6. No reference conditions based upon pristine conditions were found in the three estuaries studied, but physical-chemical variables and nutrient concentrations in particular seem to be a good surrogate for testing the efficiency of benthic indices;

7. Speciation processes seem to be affected in estuaries with strong environmental fluctuations, which show a dominance of monotypic taxa, supporting the use of higher taxonomic levels in the typology process;

FUTURE RESEARCH LINES

A scientific study is never the final answer for a question, but solely the “tip of the iceberg” that generates working hypotheses. This study provided some evidence on the problems and possible solutions for the application of benthic indices in Portuguese estuaries, but also raised new challenges for future work, such as:

- Identification of reference conditions – The development of a method based on existing reference conditions, as B-IBI, require the selection of habitat specific reference sites. Since all Portuguese estuaries are, at least, minimally impacted, a selection of a representative number of reference sites does not seem feasible in a short-term period. Selecting a pilot estuary with lower human pressure, such as the Mira estuary, and applying mitigation measures that reduce significantly the current impacts could serve as a case study to understand the natural evolution of benthic communities that are under natural stress and use it as a reference for estuaries with similar characteristics (e.g. Mondego estuary);

- Selection of metrics – the selection of metrics to be included in benthic indices to be used in Portuguese estuaries might imply that different metrics and thresholds are used in different habitats, within and among estuaries. A comprehensive examination of the responses of different metrics of communities exposed to diverse natural and anthropogenic levels of stress is needed;

- Long term studies – the definition of monitoring programs in the aim of the WFD require a better understanding of inter-annual changes on the benthic communities, to determine their resilience and the length of the recovery period before they reach equilibrium, after being disturbed by natural events (e.g. floods and droughts). A temporal stratification of the monitoring programs might not be compatible with the monitoring frequency indicated by the WFD;

159 - Biogeographical differences and climate changes - Portugal is a transition area, with a recognized boundary between assemblages northern to Cape Carvoeiro southern to the Tejo estuary. With increased effects of the climate change on the latitudinal distribution of species, a gradual change of the composition of benthic communities is also expected. A possible effect of these changes on the use benthic assessment tools might require particular concern, since strong differences in the taxonomic composition across different regions might influence the performance of indices.

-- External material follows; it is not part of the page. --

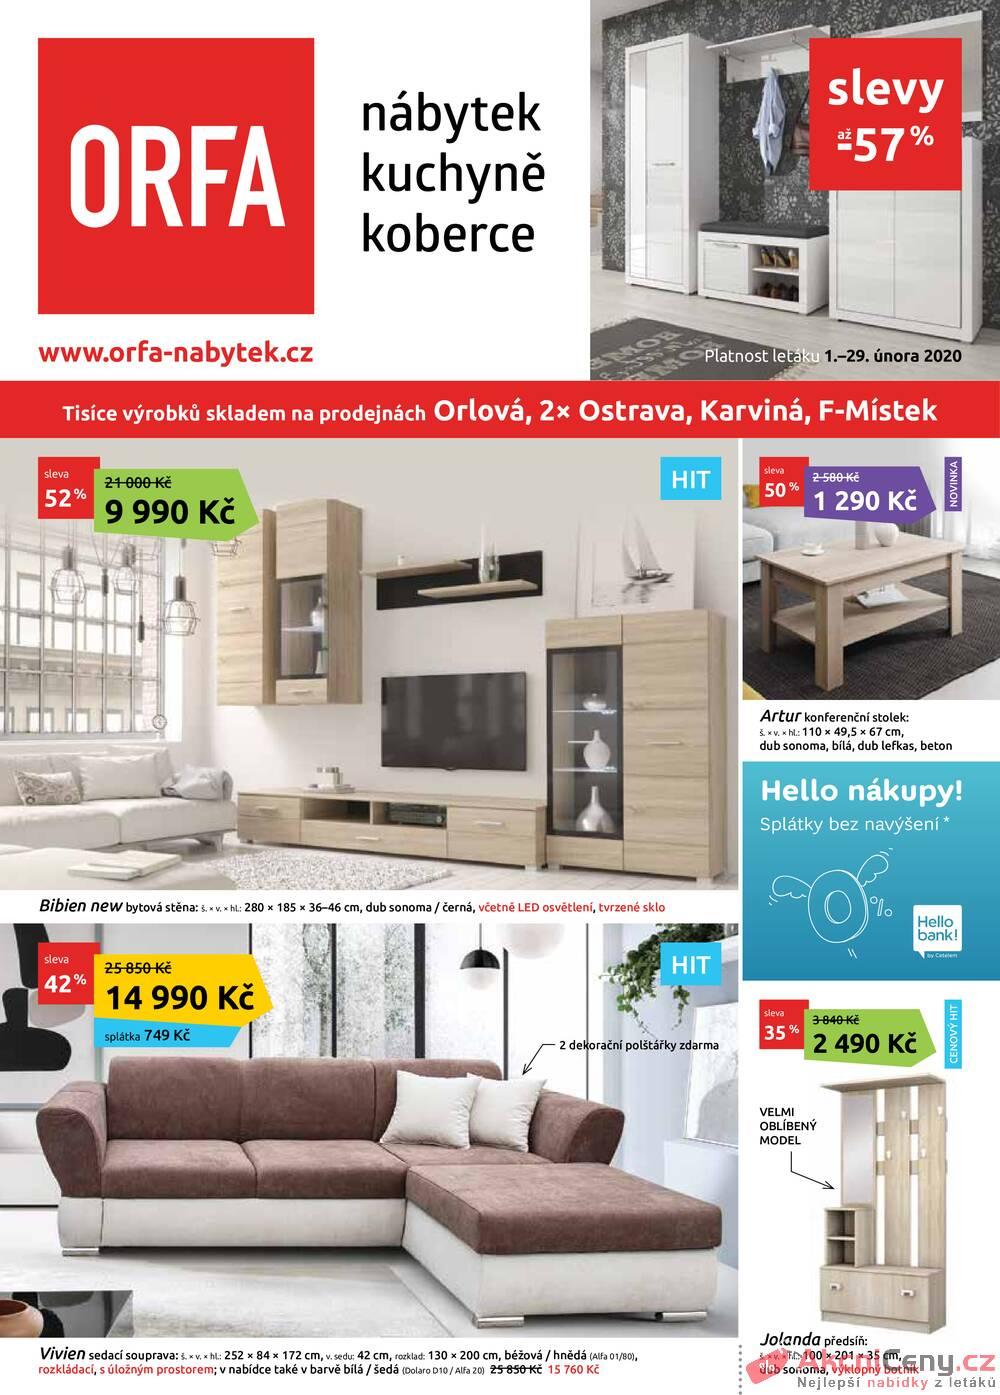 Leták Orfa Nábytek - Orfa Nábytek od 1.2. do 29.2.2020 - strana 1

The first two questions are currently being addressed by several studies developed by different Portuguese research teams in different estuaries and also by the Portuguese working group. These challenges might also be partially carried out through the ongoing intercalibration process, in which different countries are adjusting class boundaries by comparing classifications obtained for the same water types using different methods. The third question requires a national monitoring/research policy that favours long term monitoring/research studies, promoting the compilation of a thorough and systematic database on the benthic communities of all Portuguese estuaries. The last question requires that taxonomic skills are recognized as an important scientific competency and some funds are allocated for training taxonomists publishing taxonomic compendiums on the Portuguese fauna.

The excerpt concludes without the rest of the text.